Try it - Every line below should come back exactly as written, though the pictures stay out.

Material supplied -
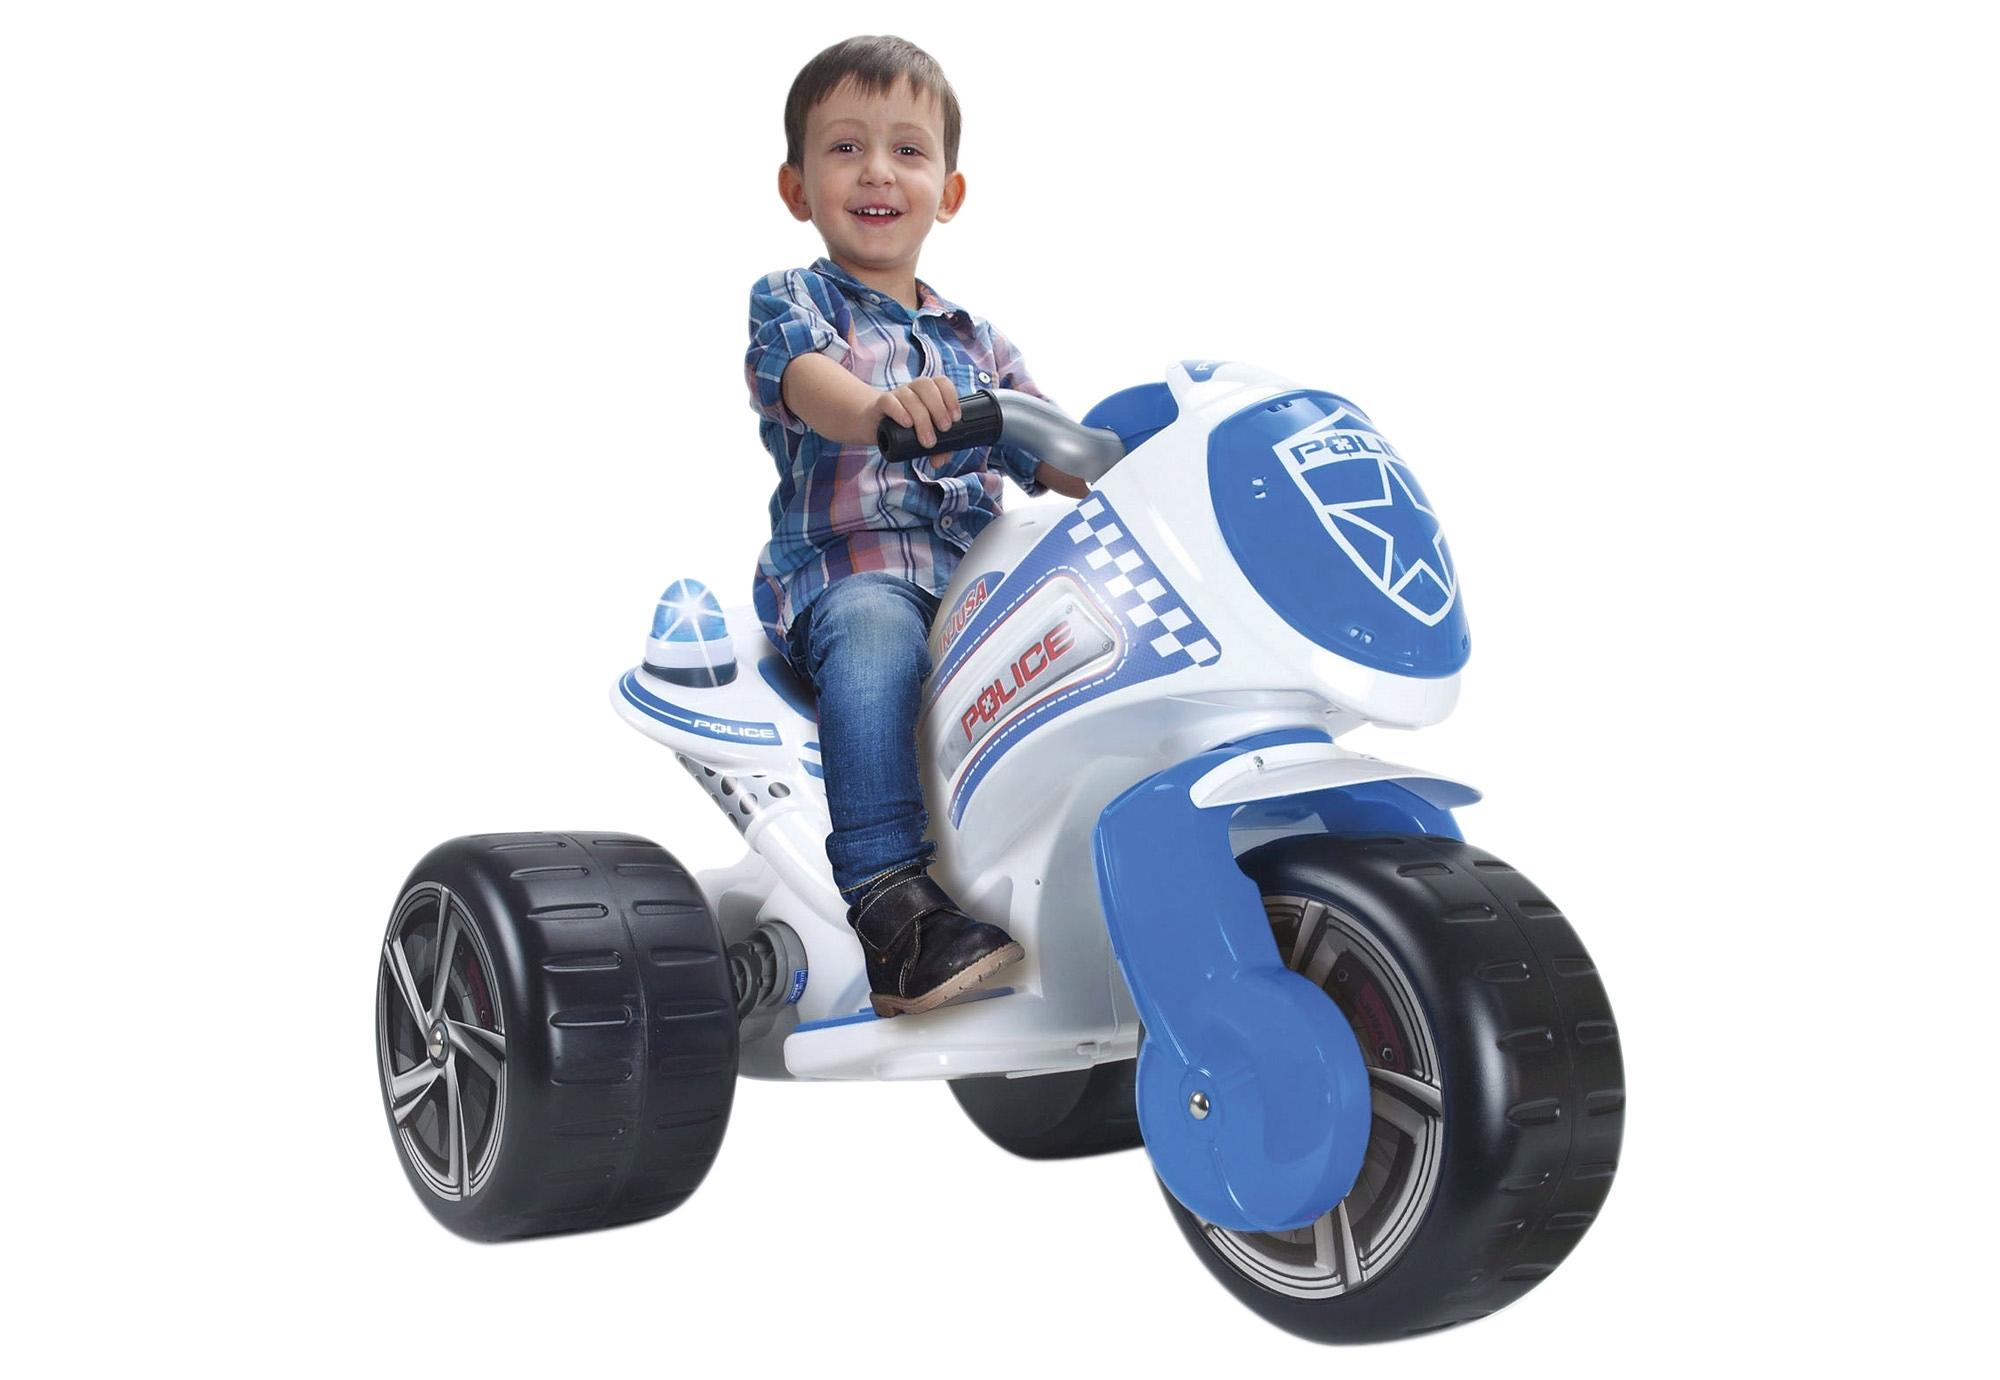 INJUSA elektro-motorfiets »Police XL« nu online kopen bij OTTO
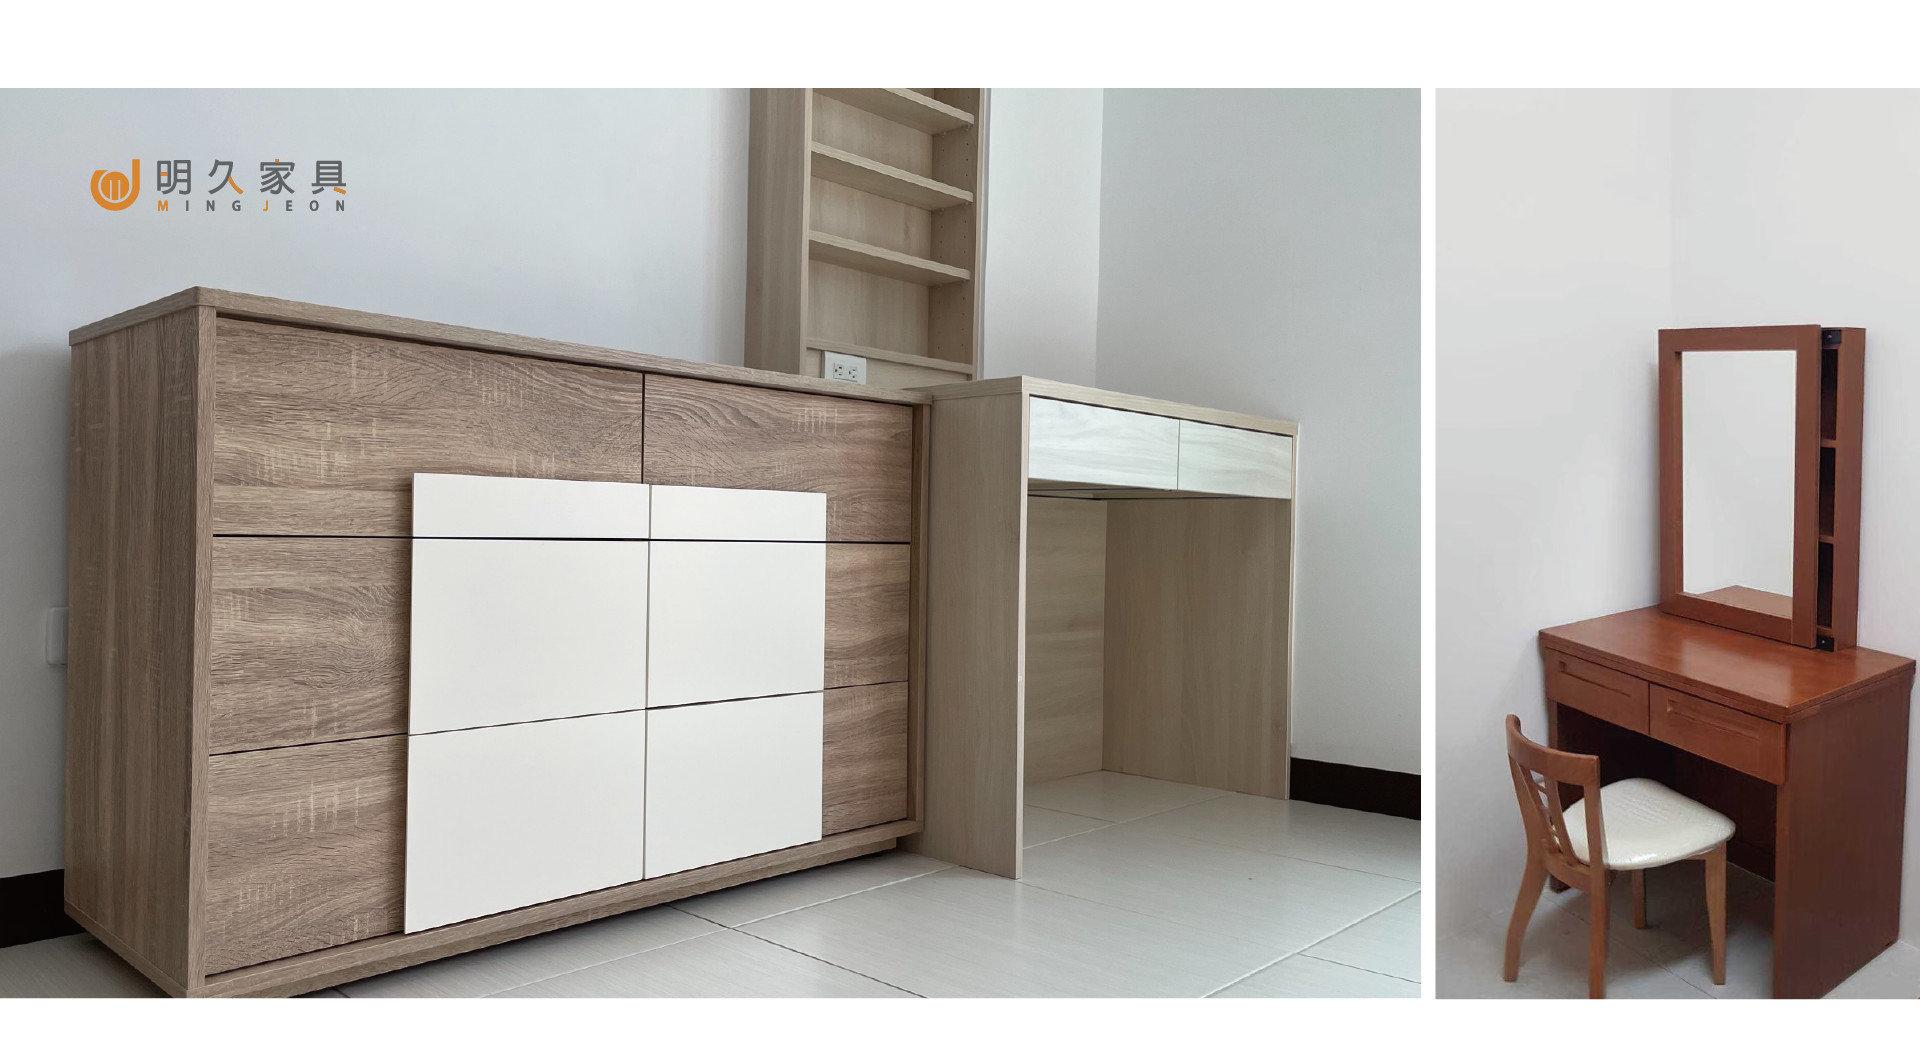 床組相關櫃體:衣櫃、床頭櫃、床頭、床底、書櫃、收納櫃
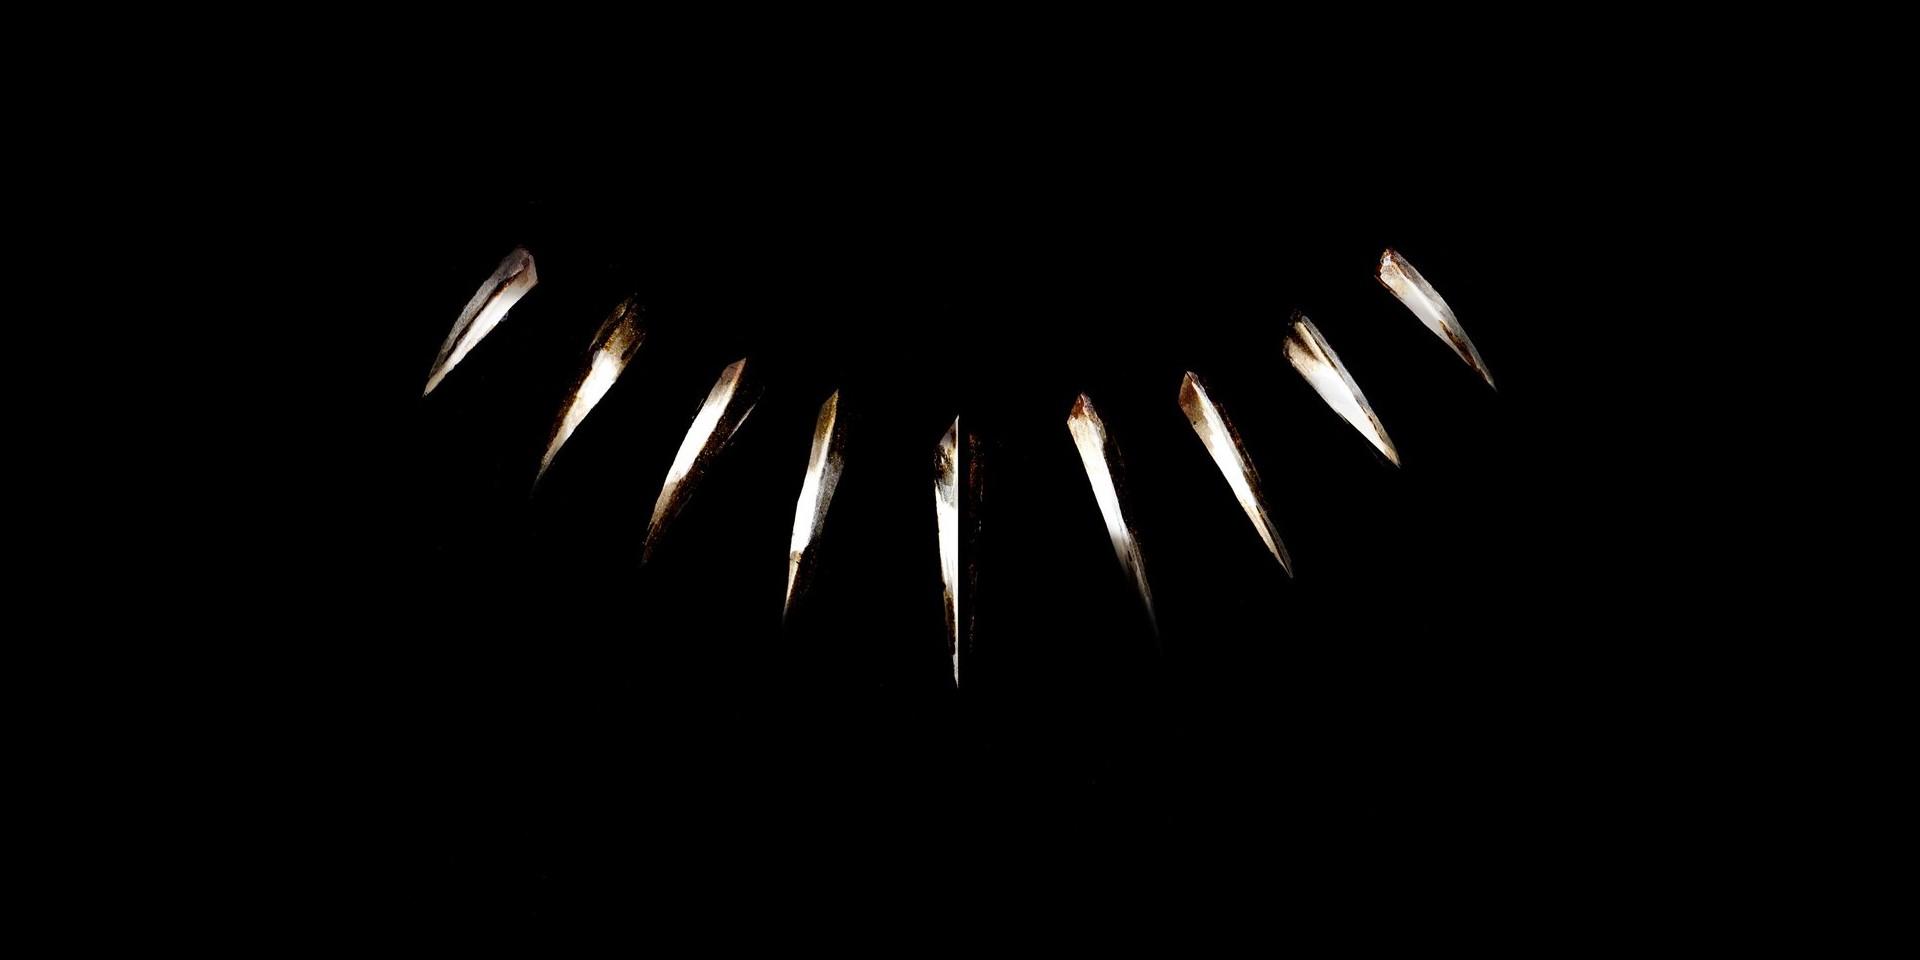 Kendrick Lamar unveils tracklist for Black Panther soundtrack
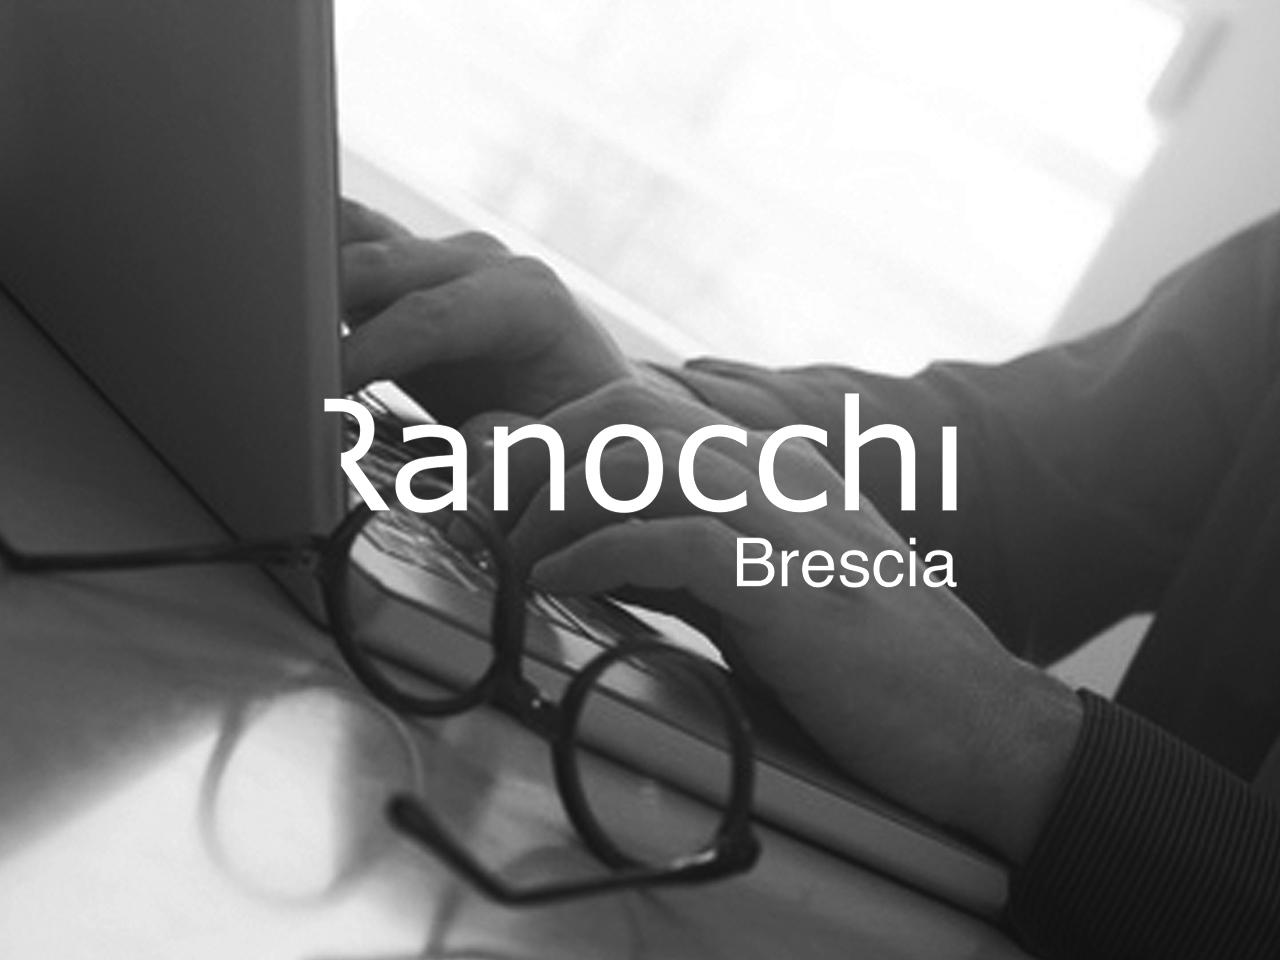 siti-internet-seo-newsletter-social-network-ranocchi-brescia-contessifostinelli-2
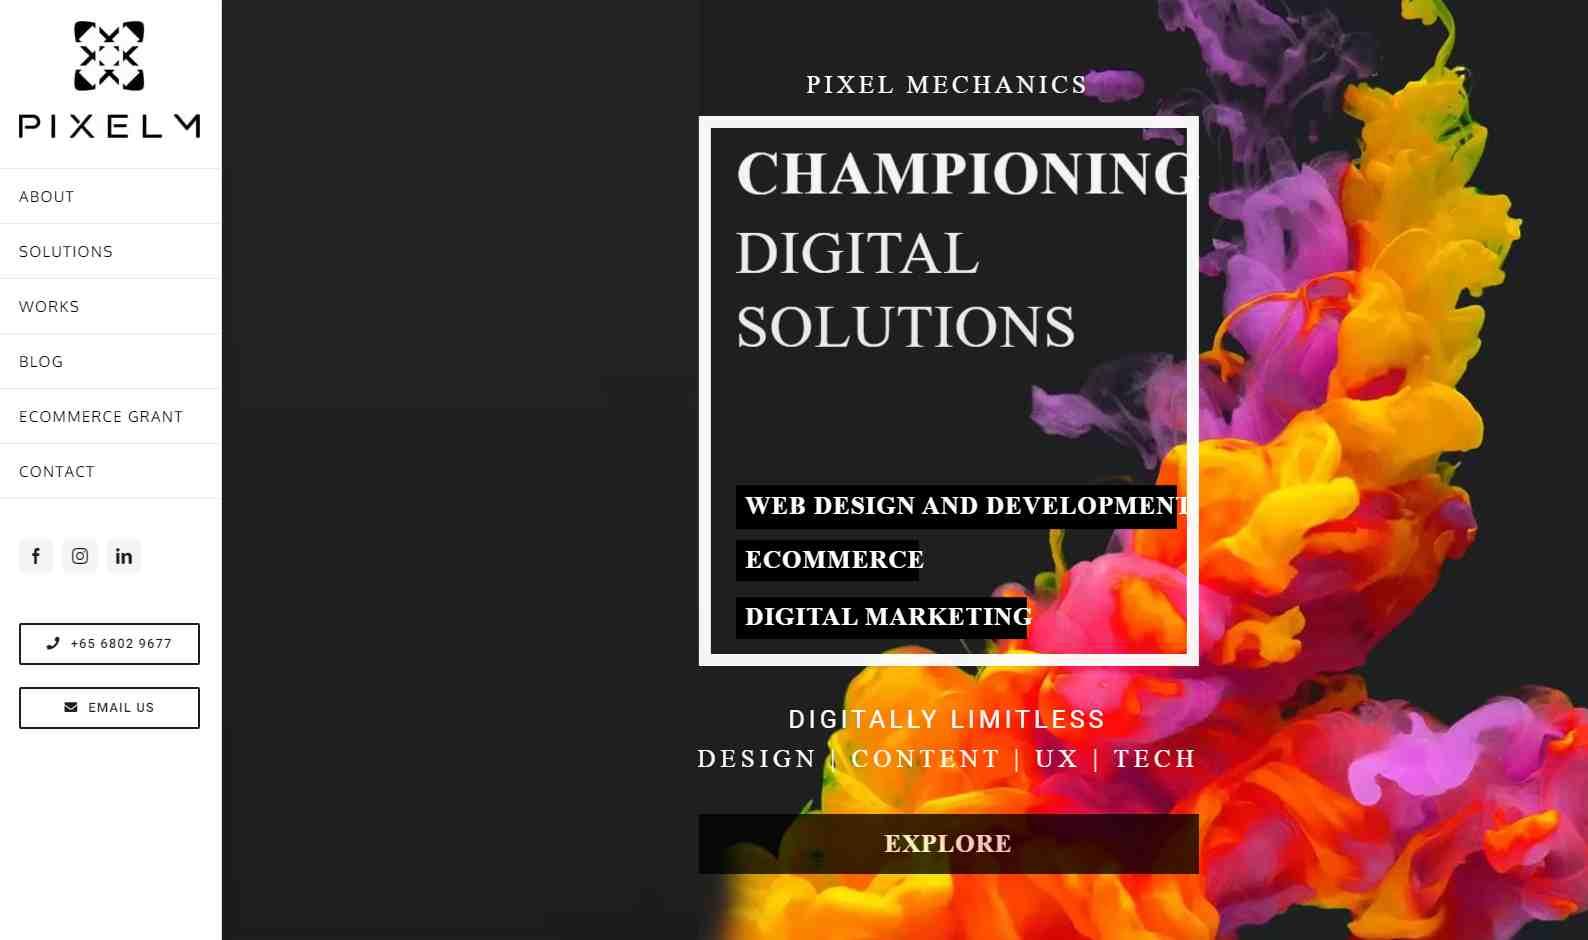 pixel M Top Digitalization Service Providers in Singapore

Answer area -
 INJUSA elektro-motorfiets »Police XL« nu online kopen bij OTTO
 床組相關櫃體:衣櫃、床頭櫃、床頭、床底、書櫃、收納櫃
 Kendrick Lamar unveils tracklist for Black Panther soundtrack
 siti-internet-seo-newsletter-social-network-ranocchi-brescia-contessifostinelli-2
 pixel M Top Digitalization Service Providers in Singapore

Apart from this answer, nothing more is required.